A Cockpit for Supply Chain (Whatever) Manager
- What descriptive and predictive KPIs and summary data functional managers seek on a daily basis? Inventory days supply? Supply shortages? Overage? Underage? Inventory expiration risk? Capacity Utilization (who cares?)? Shipment delays? Fill rates? Inventory turnover? Freight expedite costs%. Freight recovery. Average cost per ton mile? Last year? Next S&OP meeting, Cost of forecast error, Out of Stock products, Out of stock warehouse, ATP to average demand – Top 10, Bottom10.
- Does every firm out there ‘strive’ for Perfect Order Fulfilment? Does every firm take every KPI equally seriously?
- What SCOR KPIs make sense for a consumer electronics contract manufacturer vis-à-vis a Unilever or a Whirlpool?
- What is the Supply Chain Organization of the firm? How are managers roles defined? What are they expected to manage? Are they expected to track trucks in transit (expected delivery delays) or to improve demand plan accuracy? How do you want the Cockpit to show the shipment delays? As data visuals or as Alert messages to your 3PL company?
- Is there a ready made taxonomy of Supply Chain KPIs based on Industry emphasis (not everyone out there is motivated by Gartner’s top20 ITO and 3 year ROA though that can at best serve to juxtapose)?. If I were a Supply Chain VP of a Pharmaceutical company, I would like an insightful KPI on expected returns from the market. That is a good proxy for how good is the quality of demand and supply plan. Typical formulation firms expect to keep it below 1.5%. Some call it inventory expiration risk. Anything above 2.5% means the whole system needs refresh
A Cockpit for CFO?
COGS, Return on Assets last quarter, Expected ROA next quarter, Current Cash to Cash cycle time, Cost of working cap, working cap tied in inventory Gross Profitability YTD, AP, AR, Abnormally overdue payables
A Cockpit for CHRO?
Attrition Rate, Employee Costs%, ARPE, Current SCR (where are the data sources?). Absentee rate, Hiring cycle time, Open positions and applicants, #full time vs contract employees, Average retention rate, Gender diversity, resignations in process, hires in process, Employee Satisfaction index, # Retirals settlements due, Payroll costs, Department costs%
A Cockpit for CMO?
Category Revenue Growth YTD, QoQ, Sales Cycle time, Gross Profitability YTD, Promotions in Progress, Promotions effectiveness index, Sales Targets current quarter, Non-Moving inventory at Warehouses, Key Account Sales, Top 10 products by revenue contribution, Bottom 10, Top 10 products by gross margins. Bottom 10.
A Cockpit for CEO?
Revenue Targets Attainment (Budget to Sales), Current Market value share, Current market volume share, Exp. market share, Attrition Rate, Gross contribution margins top10, Return on Assets, Accounts Payables, #Customers, #New Products, #Vendors, #Available warehouse space, Total unbilled Inventory, Top10 markets by Revenue, Top 10 markets by Volume.

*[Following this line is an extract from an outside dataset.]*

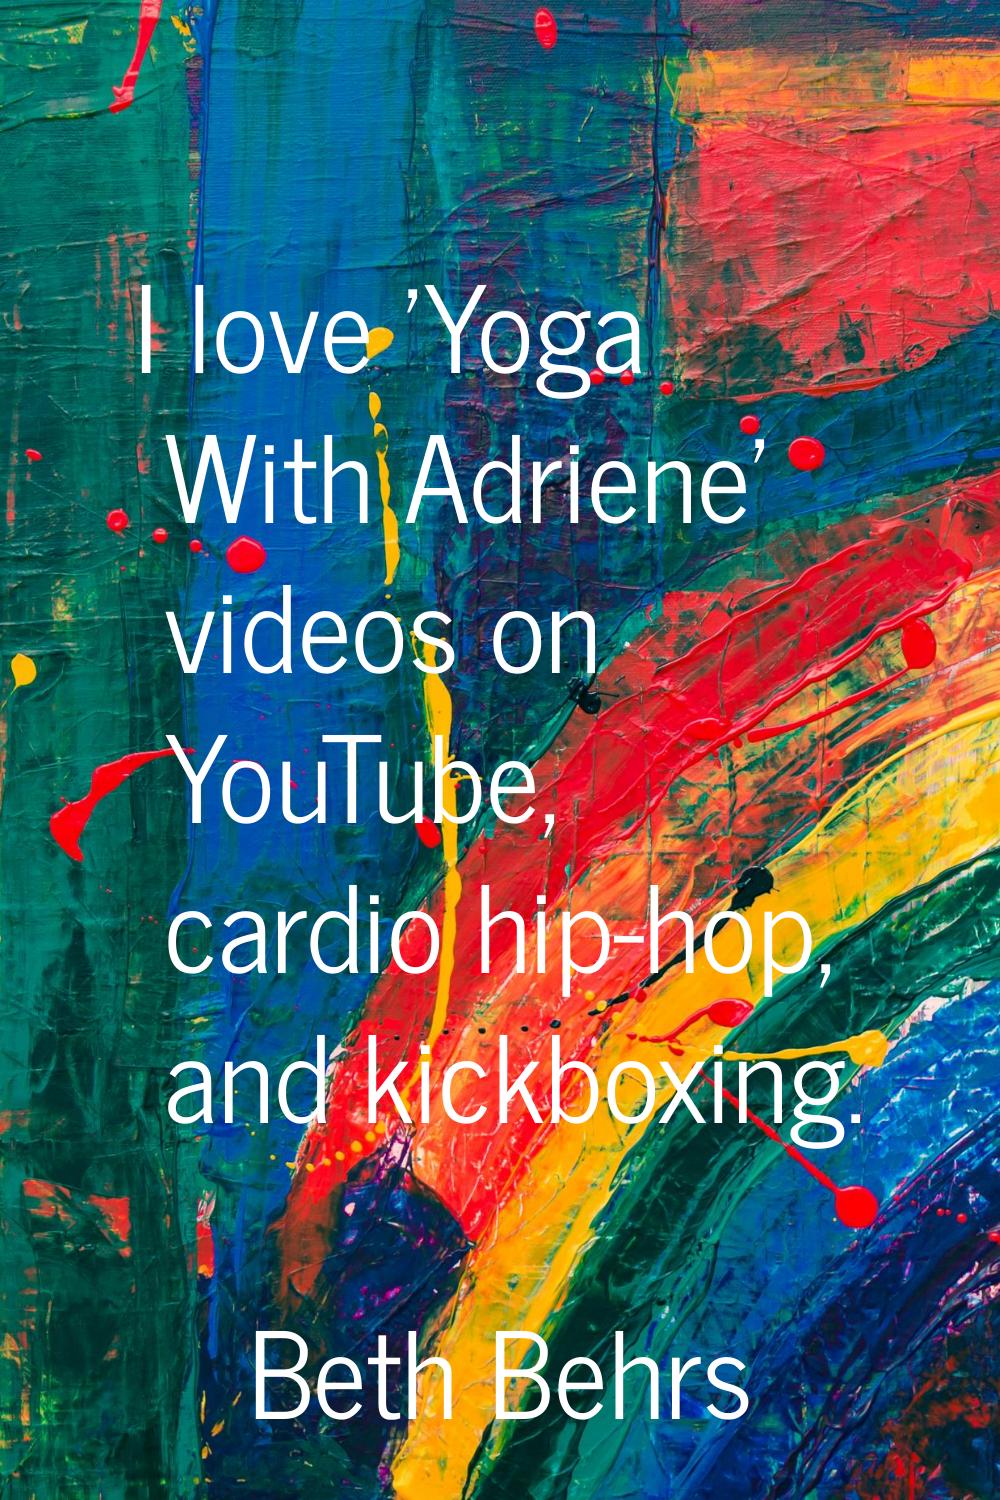 I love 'Yoga With Adriene' videos on YouTube, cardio hip-hop, and kickboxing.

How should you group the KPIs?
Every firm is unique. Culturally. What is important to them is not necessarily important for others. The language is different. The KPIs and ‘formulas’ are slightly different.

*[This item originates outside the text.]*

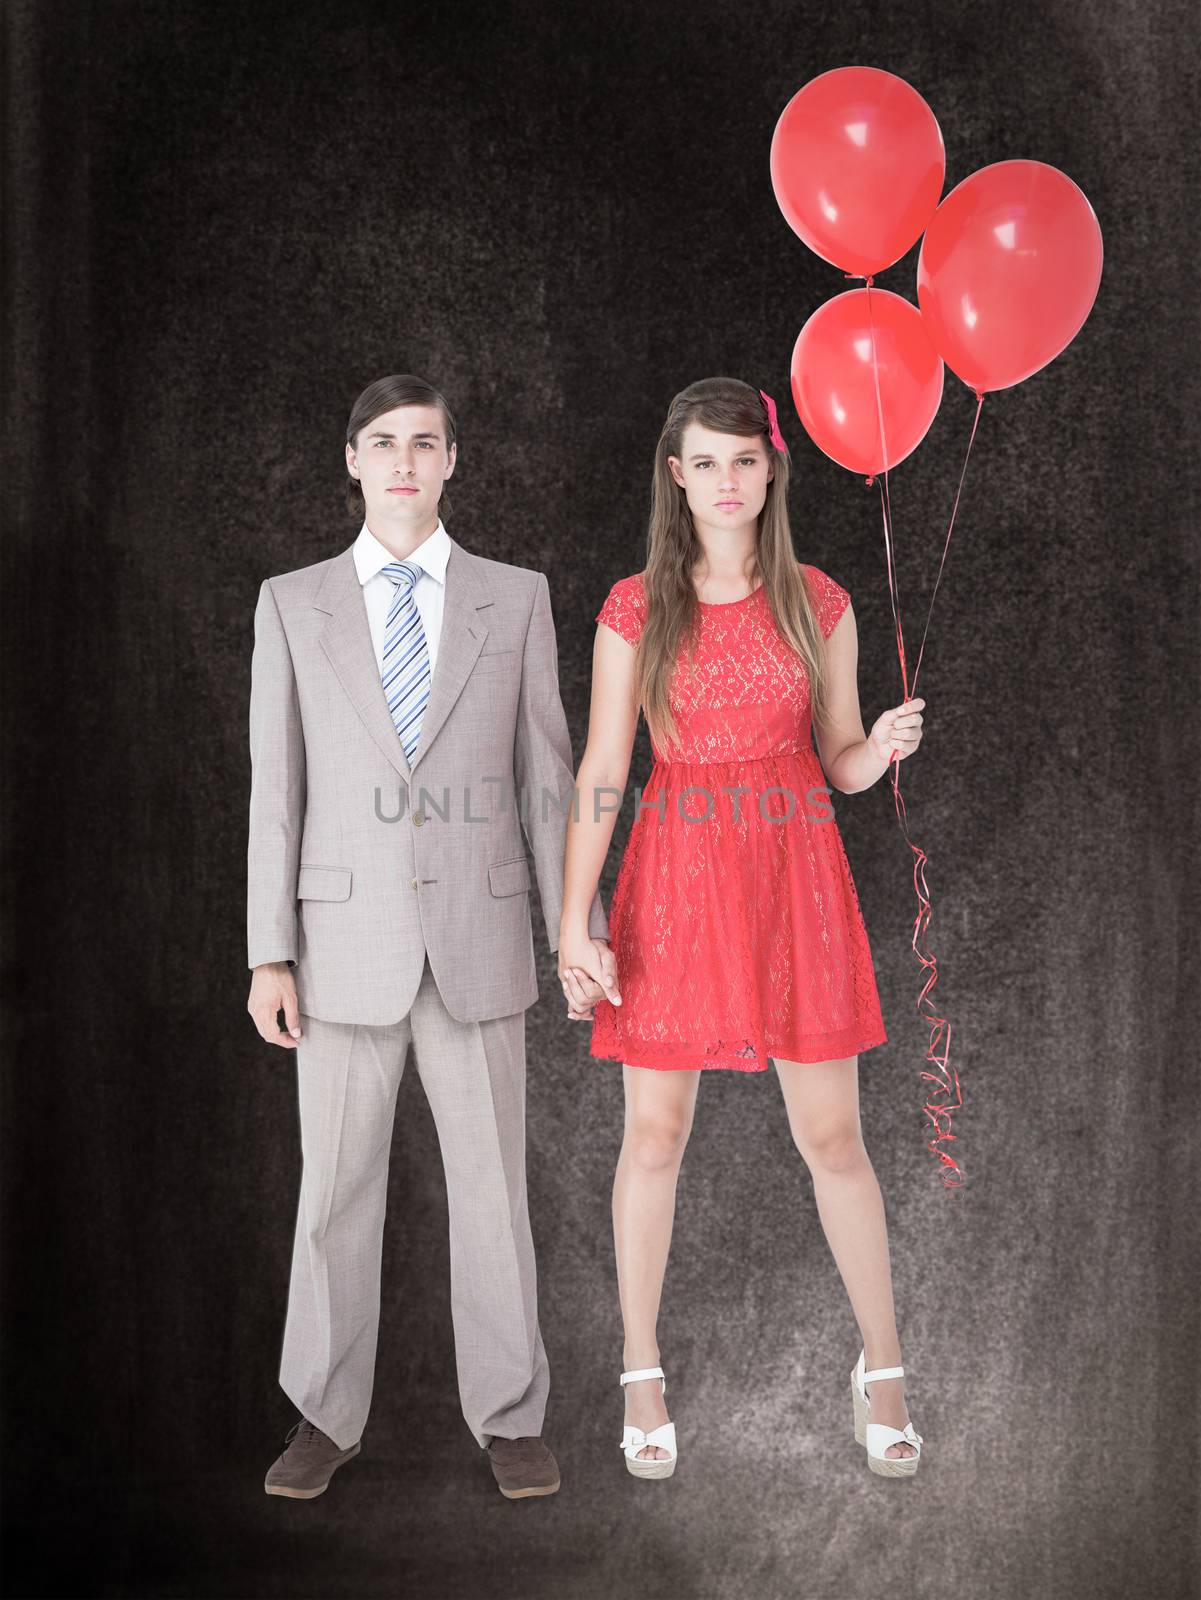 Unsmiling geeky couple standing hand in hand against black background

How should you separate the KPIs?
Keep a few KPIs confidential. Everyone need not know everything. Keep a few KPIs exclusively for the CEO. Nice to know is ok as long as you do not need to care.
How About Benchmark?
Internal ‘ideal’, last year, external, competition. Gartner top20.

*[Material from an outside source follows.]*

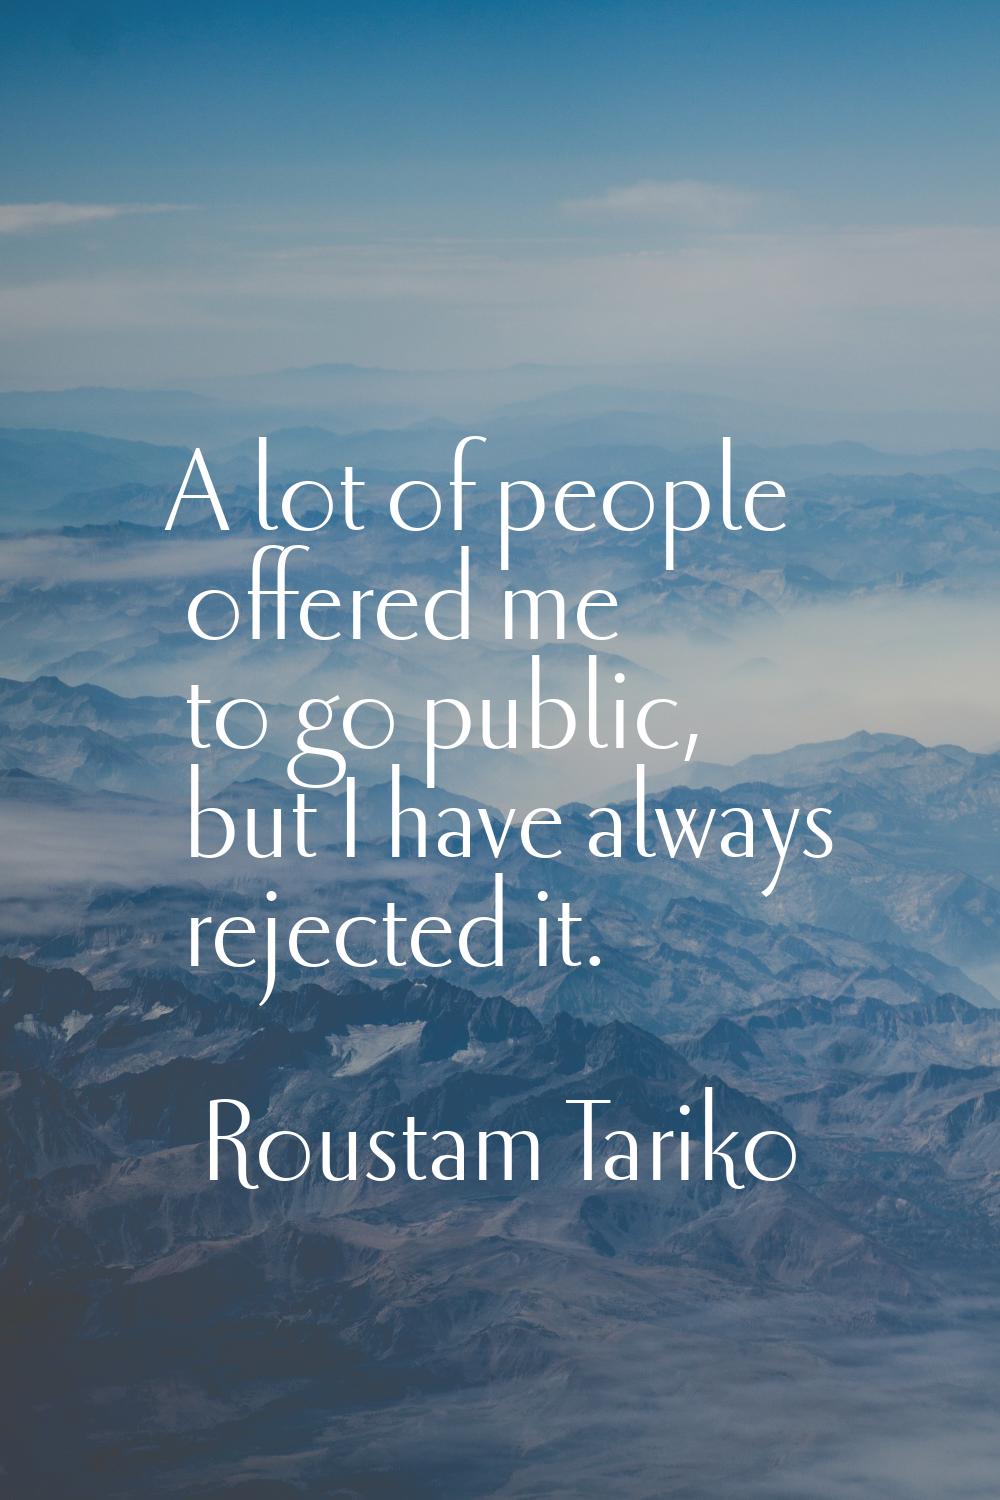 A lot of people offered me to go public, but I have always rejected it.

How do you measure Manager’s Performance?
Is it all about numbers? No human element? How do you know if managers took proactive decisions? How do you measure employee engagement ? Delegation? With report cards available on a minute by minute basis. What internal projects did the managers take to fix the root cause? or did the finance budget some monies towards such onetime project? Can the manufacturing head blame the customer supply chain manager for bad capacity utilization? High cost of production because of ‘bad’ production schedules? It is a chain reaction. One thing leading to another but you do what you do best. As long you can formulate the problem in context. In entirety. There is always a root cause.
These are important questions. You can’t always blame the Supply Chain Manager for shipment delays. You can’t fire your 3PL for things out of his control. Like a broken truck or a transhipment delay awaiting another container ship.